# First Egg!!



## azbison (Nov 17, 2015)

We got 24 chicks on 9/30/15. One didn't make the trip from the hatchery, two were victims of predators, so now we have 21 hens and we got our first egg last night. The girls are 19 weeks and starting to lay. We have had the nesting boxes blocked off, but one of the reds got in there last night and left us a present. We found another one this morning in a planter. We are opening up the nesting boxes and lining them.

The downside is we didn't start supplementing calcium until last night and the first egg was rubbery. We opened it up and it's normal inside, so we started calcium (oyster shell) and will continue that. 

I knew the time was coming because they were acting different. They wanted more human company and were easier to pick up. They also really started giving us the what for in the morning until they were let out of the coop. It's an exciting time!!!


----------



## chickenqueen (Jan 9, 2016)

It's an amazing time when your chickens first lay.First eggs are not perfect eggs.They(at least in my experience)are small,shell not fully formed,etc.They get better as time goes on.If you have been feeding a good laying pellet they should have sufficient calcium.Mine don't get supplemental calcium except for occasional egg shells and I have hard shells.It gets better with time and won't take too long.Good luck!


----------



## azbison (Nov 17, 2015)

An update: Got the second egg this morning, and it was from a different breed and it was hard. We have RIR, California Whites, Dominiques, Americaunas, Buff Orps, and Australorps. The RIR laid last night, the White did this morning.


----------



## 8hensalaying (Jun 5, 2015)

Congratulations! Getting those first eggs are so exciting!!!


----------



## robin416 (Sep 8, 2013)

Soon you'll be over loaded with eggs. 

Don't worry too much about the first eggs not being entirely perfect, as CQ mentioned, sometimes it takes a bit for their systems to get with the program.


----------



## seminole wind (Aug 22, 2015)

azbison said:


> An update: Got the second egg this morning, and it was from a different breed and it was hard. We have RIR, California Whites, Dominiques, Americaunas, Buff Orps, and Australorps. The RIR laid last night, the White did this morning.

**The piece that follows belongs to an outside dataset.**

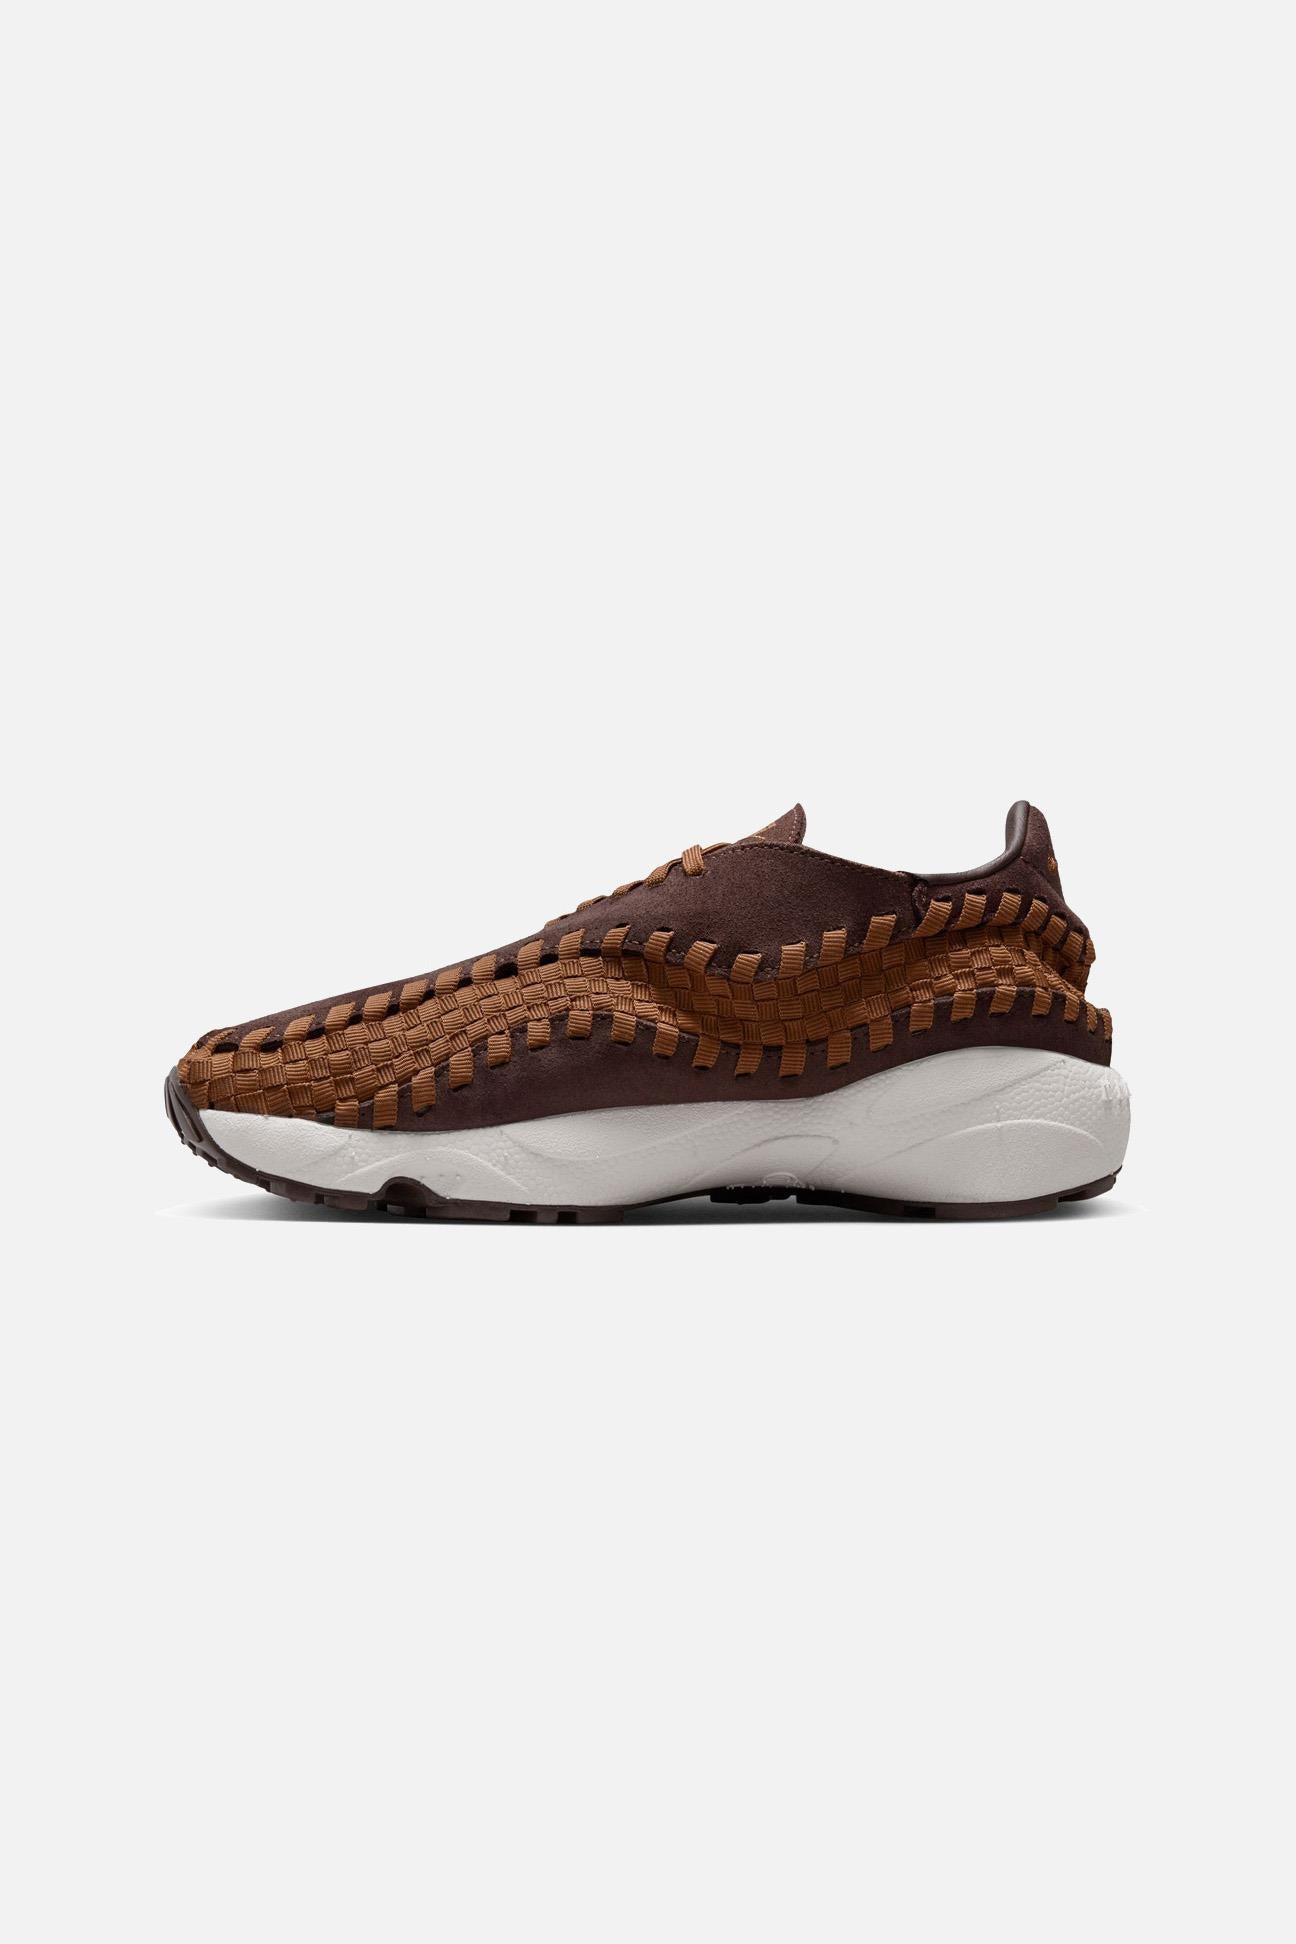  Air Footscape Woven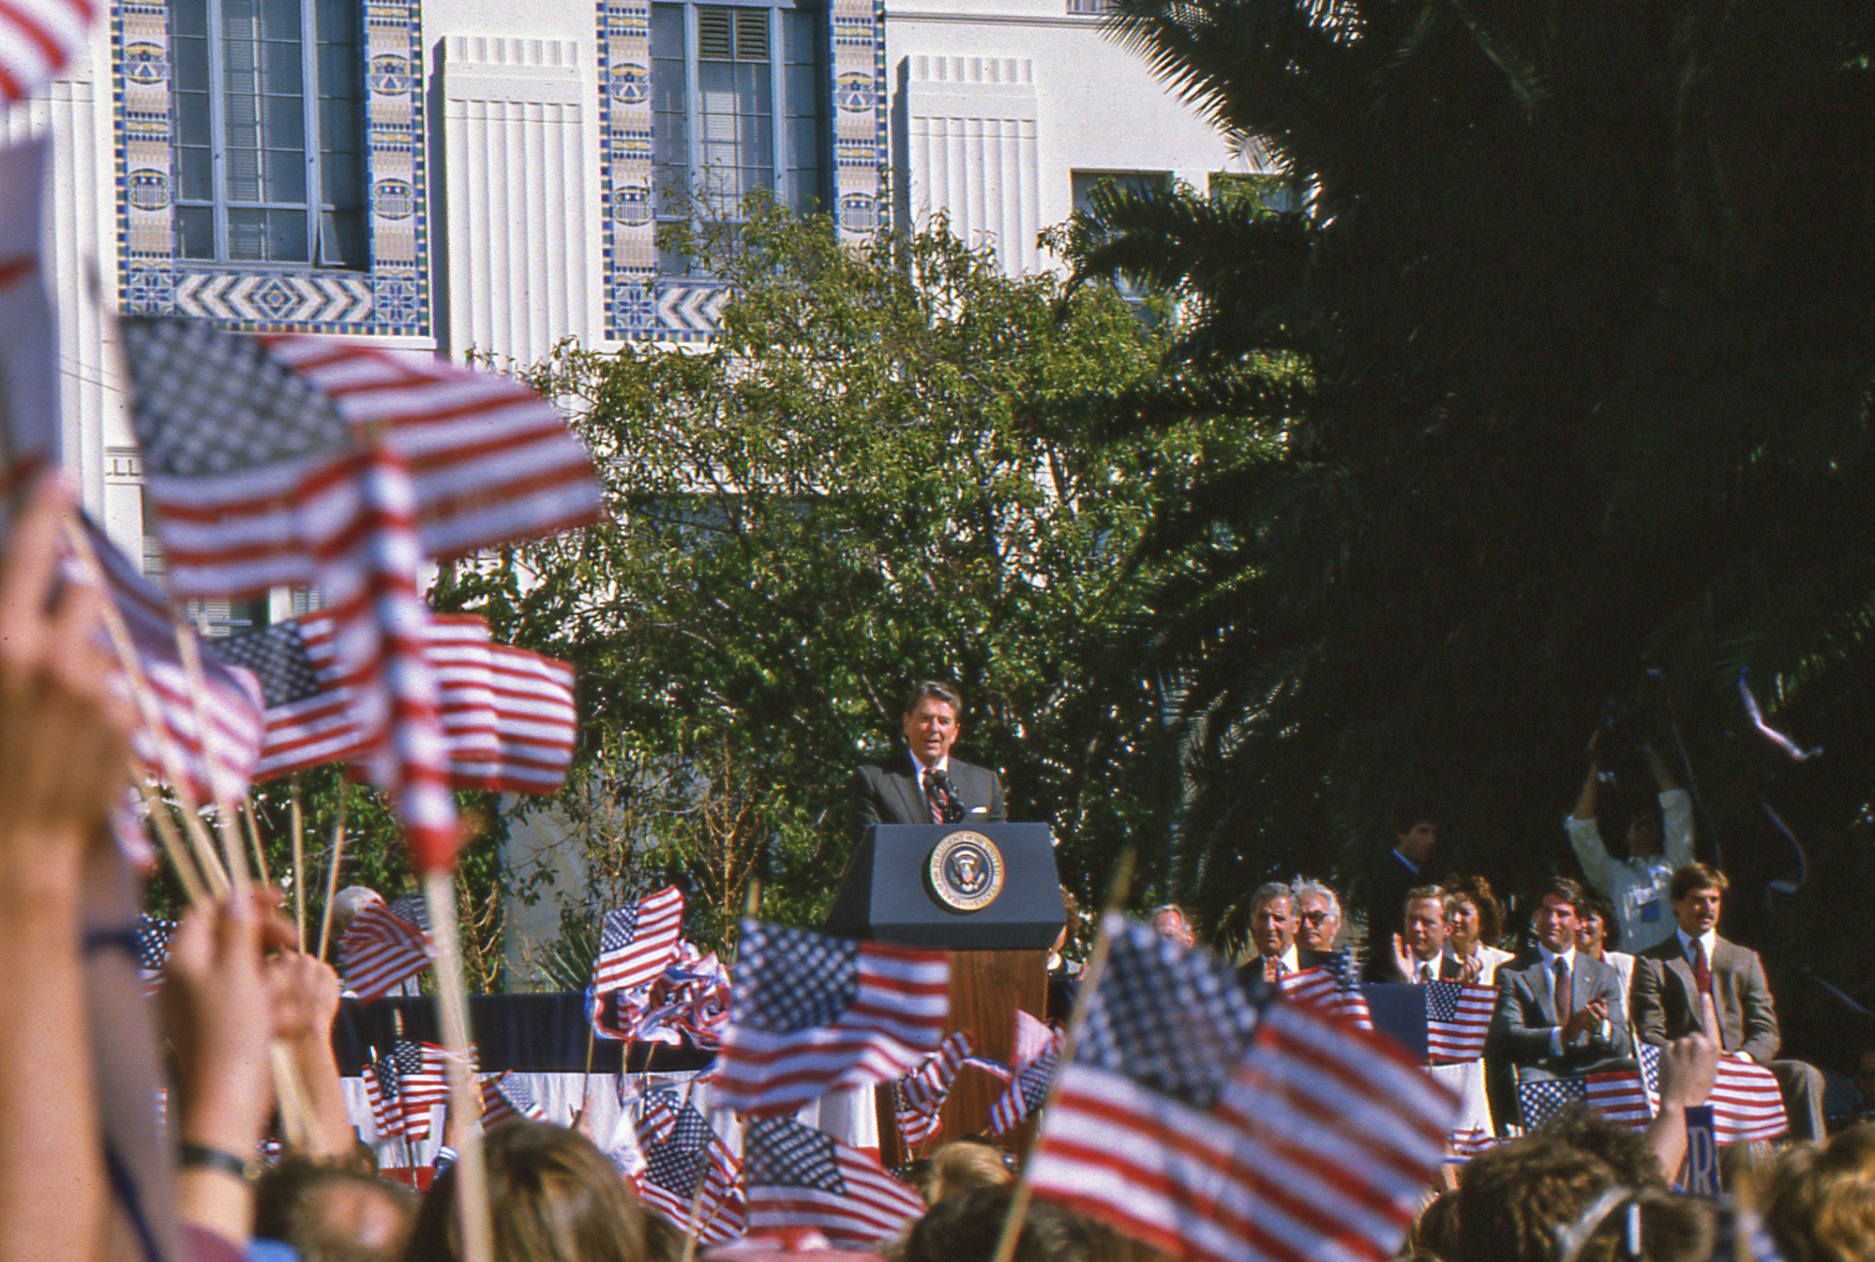 San Diego, CA, USA - October, 22, 1984; President Ronald Reagan giving a speech at a campaign rally at the San Diego County Administration building.

Yeah!!! Eggciting it is!!!


----------



## dawg53 (Aug 25, 2015)

I've had chickens for a long time, and I still get excited checking the nest boxes for eggs! Congratulations!


----------



## Pep37412000 (Jan 25, 2016)

Congrats I'm learning also and enjoy reading things like this


----------



## seminole wind (Aug 22, 2015)

Welcome Pep! Glad to see you join and tell us about your chickens.


----------



## Pinkter (Aug 19, 2012)

I can get a "misfire" from some of my seasoned ladies! I supplement with a flock block. They love it! It has oyster shell, grit, and other goodies.


----------



## seminole wind (Aug 22, 2015)

Flock Block? They like it? I'll have to look into it.


----------



## azbison (Nov 17, 2015)

Here are six of the first seven.... The California whites are off and running, the Australorps and reds are getting started, so are the Americaunas


----------